# Living in Al Warqaa



## Cos_mo (Feb 9, 2012)

I'm moving to Dubai in August and I will be living in Al Warqaa...not by choice!!

What is it like to live there?

Is it miles away from everything?

Are there shops/supermarkets?

Any gyms and/or hotels with pool access nearby?

Thanks!


----------



## jilly81 (Apr 9, 2012)

Cos_mo said:


> I'm moving to Dubai in August and I will be living in Al Warqaa...not by choice!!
> 
> What is it like to live there?
> 
> ...


Def not by choice!! poor us! x


----------



## defragmantor (Jun 23, 2012)

Would you feel better if I say my school is in al Warqaa


----------



## Cos_mo (Feb 9, 2012)

defragmantor said:


> Would you feel better if I say my school is in al Warqaa


So there's a school there!?! That's a start!!!


----------



## defragmantor (Jun 23, 2012)

Cos_mo said:


> So there's a school there!?! That's a start!!!

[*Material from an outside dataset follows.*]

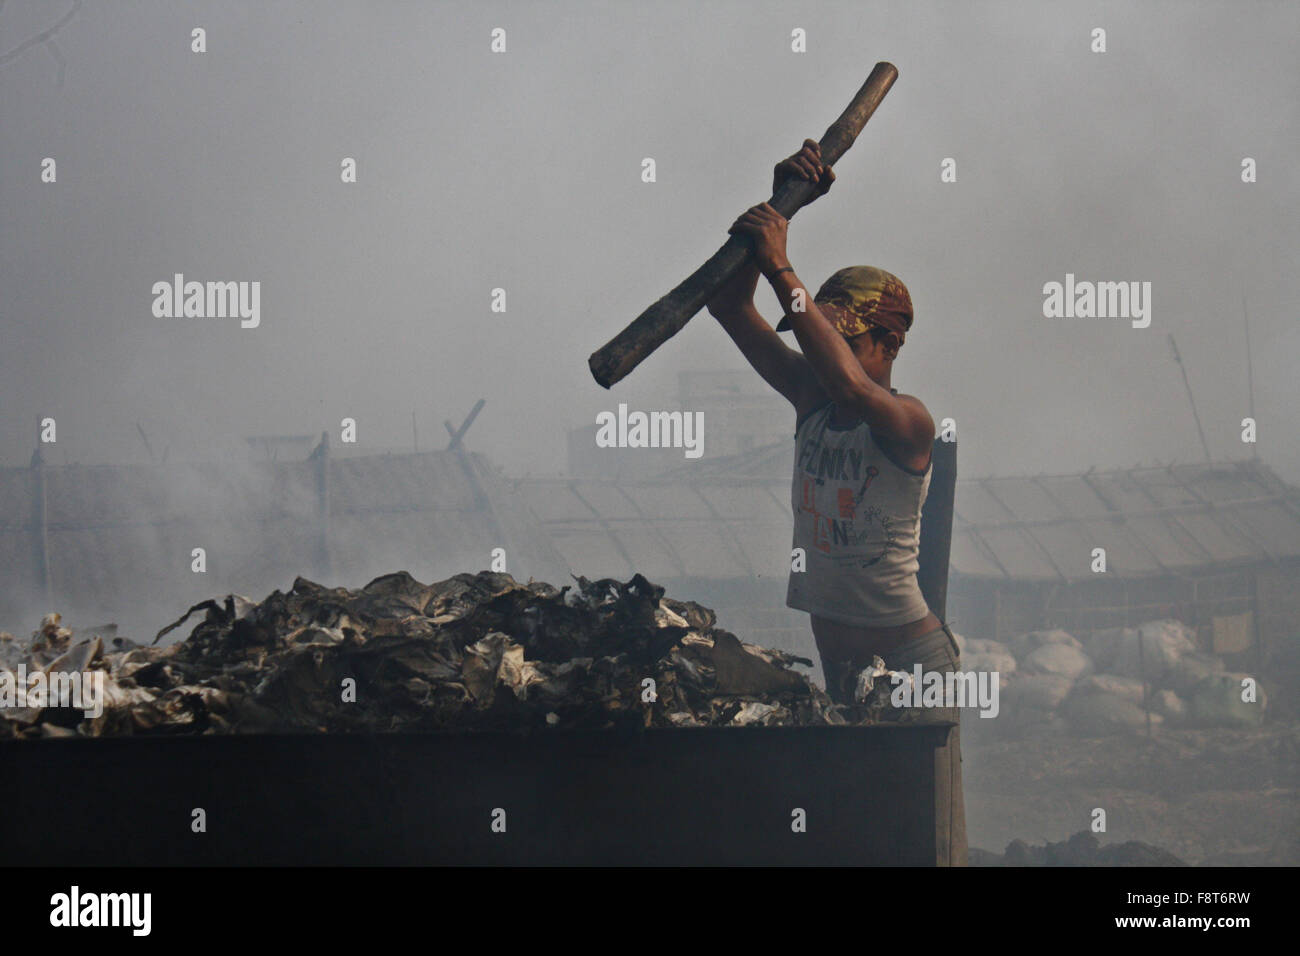 A Bangladeshi day labor works in the polluted environment at Hazaribagh tannery area in Dhaka, Bangladesh. Stock Photo

Well tbh there are like buildings and stuff and a few 
People even live there. Midriff city centre (shopping mall ) and dragon mart (Chinese goods market) are the closest places which are like a 5 minute drive from Warqaa


----------



## Cos_mo (Feb 9, 2012)

defragmantor said:


> Well tbh there are like buildings and stuff and a few
> People even live there. Midriff city centre (shopping mall ) and dragon mart (Chinese goods market) are the closest places which are like a 5 minute drive from Warqaa


A few unfortunate people by the sounds of things 😔


----------



## Cos_mo (Feb 9, 2012)

Cos_mo said:


> A few unfortunate people by the sounds of things dde14


:-(


----------



## nikkisizer (Aug 20, 2011)

Cos_mo said:


> I'm moving to Dubai in August and I will be living in Al Warqaa...not by choice!!
> 
> What is it like to live there?
> 
> ...


Hello Cos_mo,

Al Warqaa is mainly occupied by the locals so perhaps once you are over here you can change your area of living soon after arriving .....

Mirdif is just across the road so to speak and is a very nice well established area with a good expat community.

There are many shops/supermarkets/malls/gyms/hotels nearby with quite a few nice wine bars and pubs also.

I'm sure you will enjoy the lifestyle once you are settled in


----------